Ethereum is one of the most popular blockchains for NFTs, but due to limited capacity and hefty gas fees, Ethereum NFTs are out of reach for many NFT enthusiasts.
Why are gas prices at an all-time low?
In many respects, especially in the last year, NFTs have become the go-to investment for many crypto aficionados. The value of the NFT market grew beyond estimates as cryptocurrency market capitalization plummeted.
OpenSea’s revenue surpassed $5 billion in January 2022, demonstrating its amazing growth. Despite this, one thing stayed largely constant as the NFT industry grew: the expensive Ethereum gas fees. A simple explanation of how gas costs operate in the Ethereum blockchain: to process a transaction, you must pay a gas “processing” price, but there is a bidding war when multiple individuals want to process transactions at the same time. Gas rates change over time dependent on demand, and on March 9, 2022, the Ethereum blockchain’s gas fees plummeted even more.
The average cost of an Ethereum transaction is 0.0045 ETH ($15), according to new statistics from Arcane Research, which is the lowest since August 2021. Furthermore, this is not an unique instance; there has been a link between the price of Ethereum transactions and the price of Ethereum coin.
As Ethereum gas fees fall, the general NFT market is left with a lot of issues.
Less on-chain activity has negative consequences.
The Ethereum blockchain has received a lot of bad press for a long time due to exorbitant network charges caused by network overburden.
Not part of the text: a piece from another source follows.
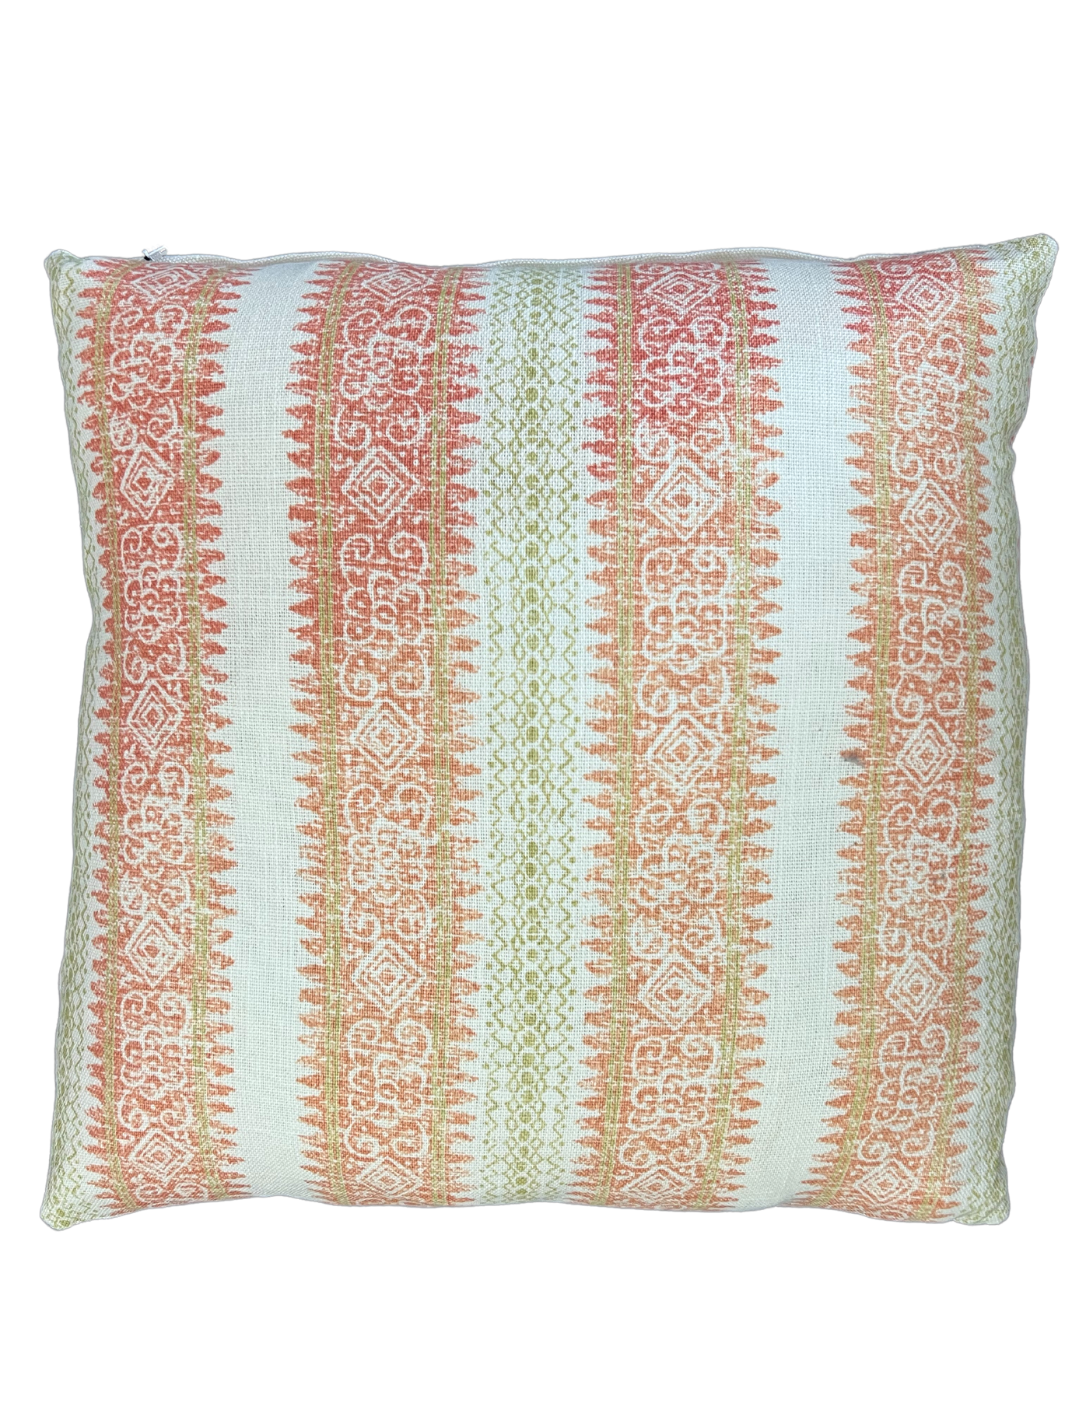 Henna Pillow, Pink and Olive
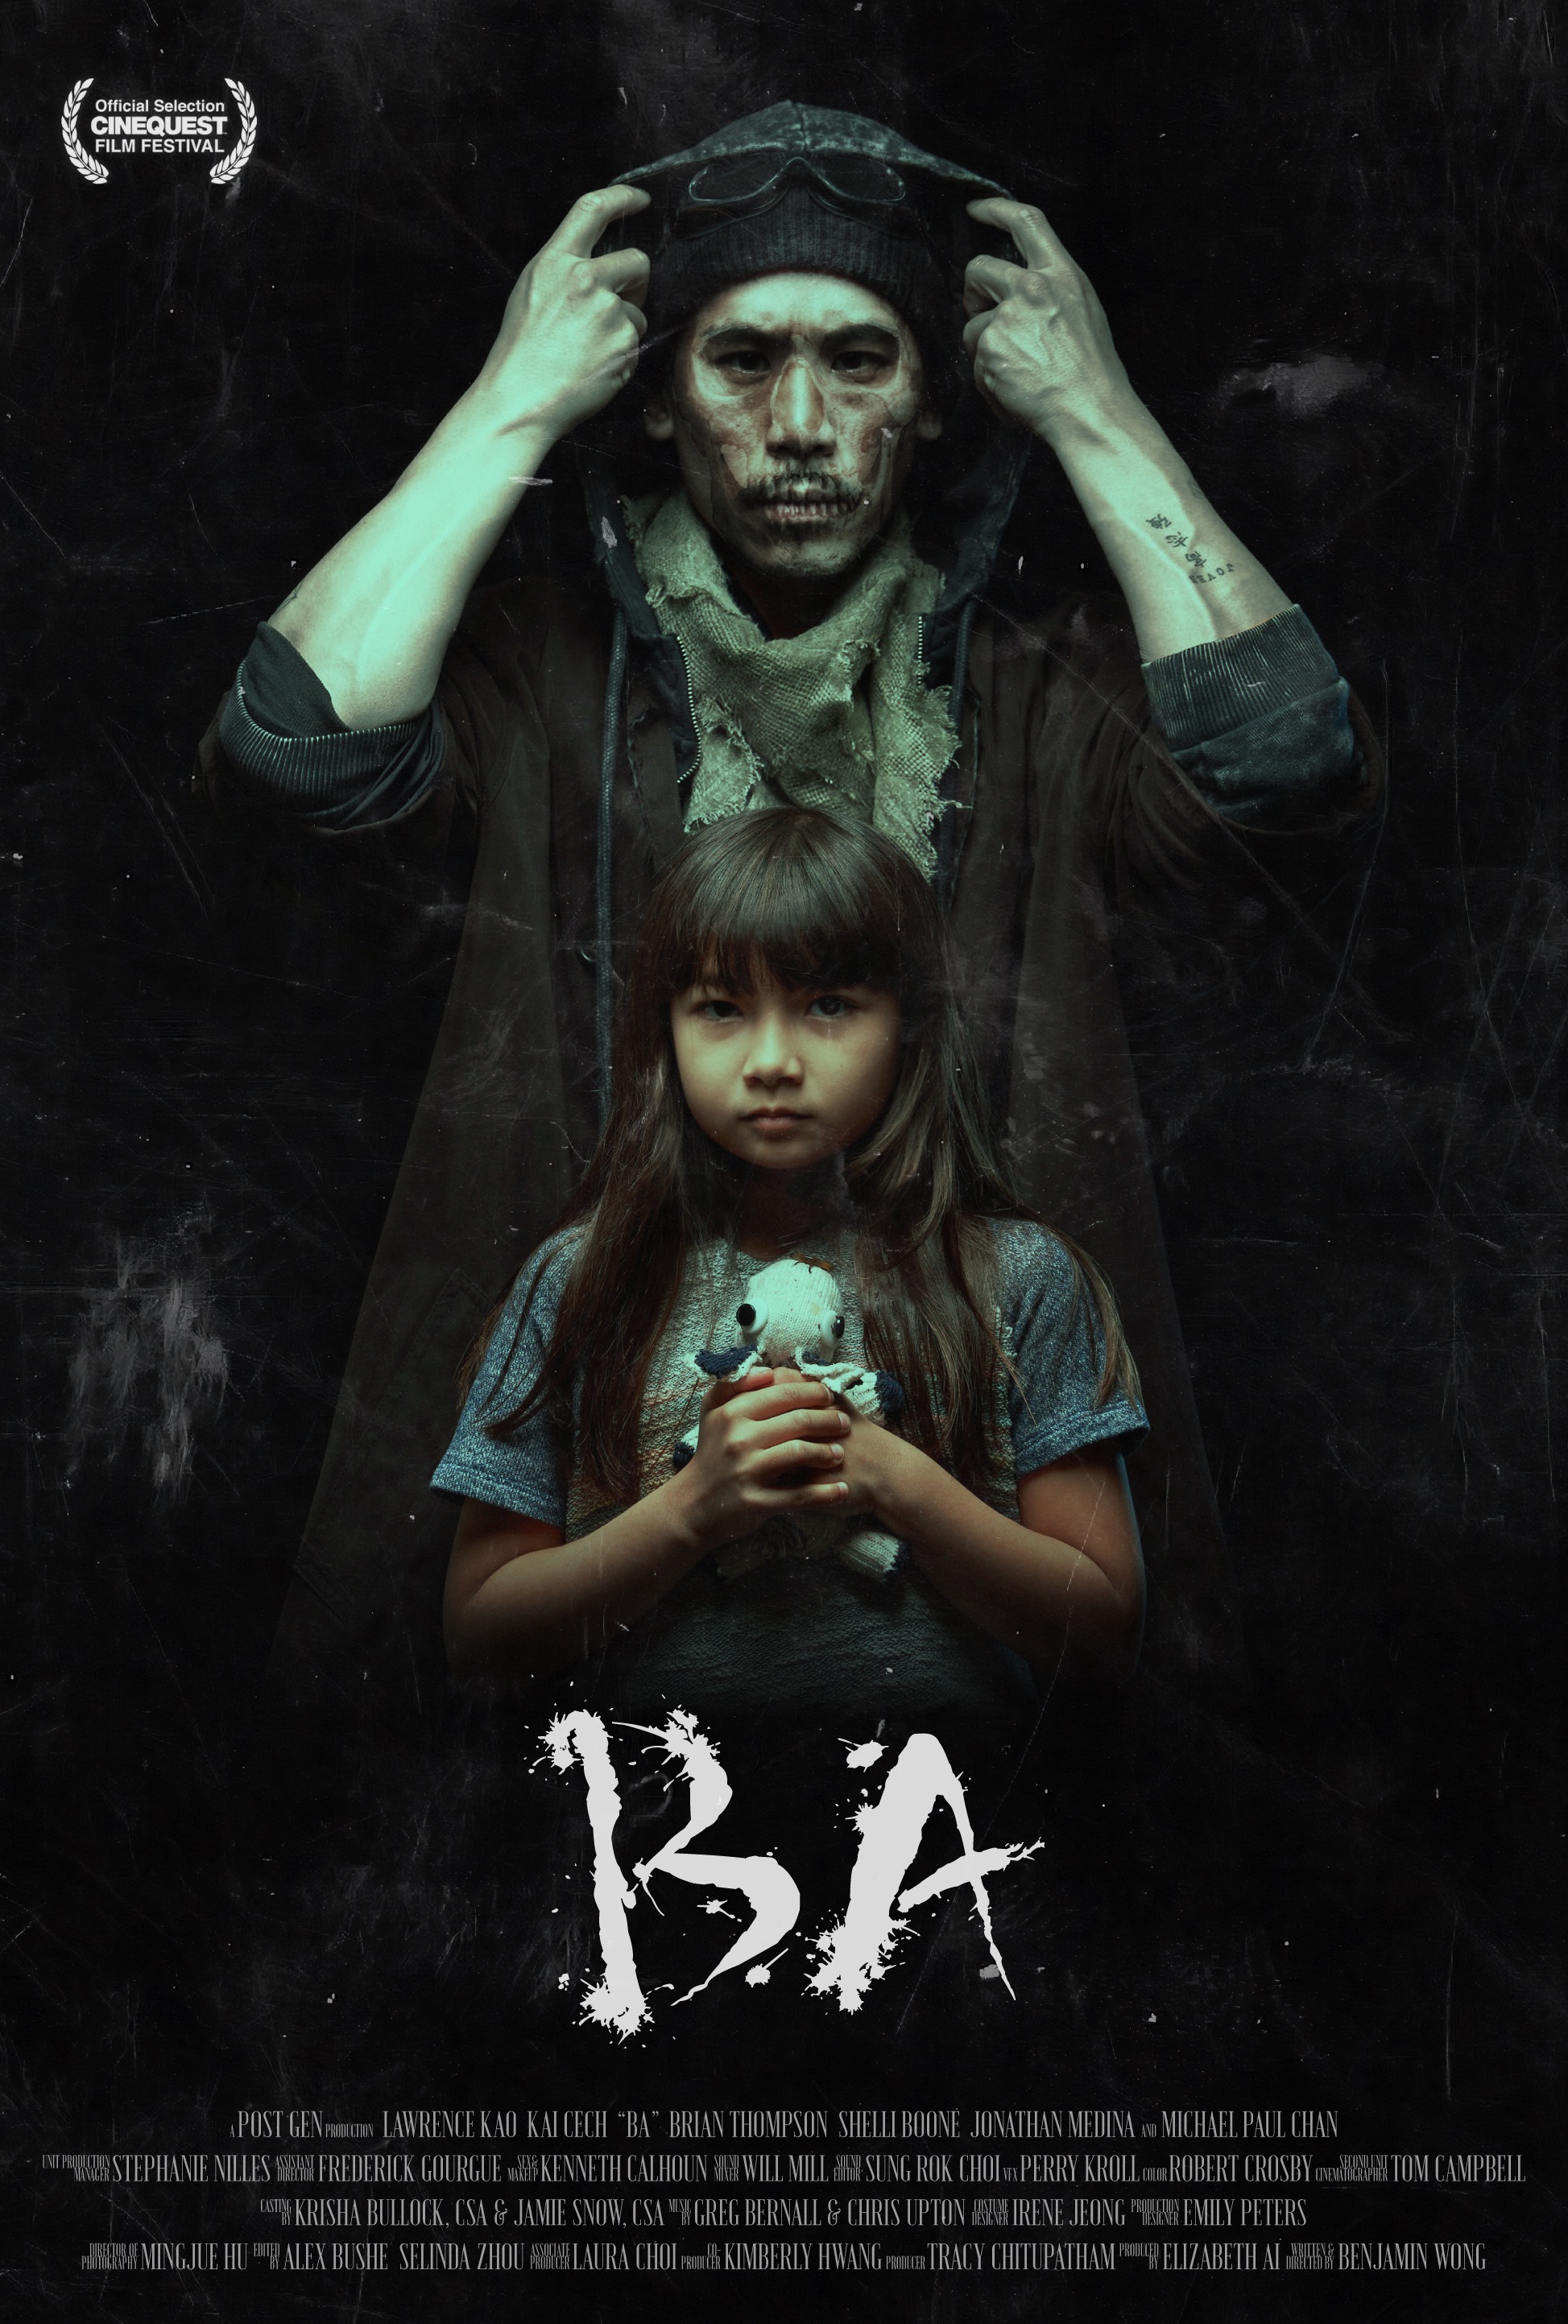 'Ba' Movie Poster - a dark, faded image of an ominous man looming over a girl holding a teddy bear.

The average gas price on this blockchain was 0.0042 ETH at the time of writing (early hours of March 9).
Improved use of L2 protocols such as Polygon, Optimism, Arbitrum, and others could be one of the reasons for the decrease in gas fees. One of the likely causes for the fall in transaction fees on the Ethereum blockchain is a reduction in on-chain transaction activity as L2 protocols gain popularity and critical acclaim.
Ethereum has become one of the most widely used blockchains for NFTs. It supports a wide range of NFTs and DeFi applications, and persistent interest in NFTs and DeFi is one of the causes for high gas fees for long periods of time.
Is there a slowdown in the NFT market?
NFTs have been the rage for the past few months, and millions of people have jumped on the NFT bandwagon. Many in the sector believe that the general crypto market is approaching a “bear market,” and that gas prices are on the decline. Investor interest, transaction volumes, and asset value may all be affected as a result of such an occurrence. As time passes, speculations will give way to reality, and the patterns in gas prices will hopefully become clearer.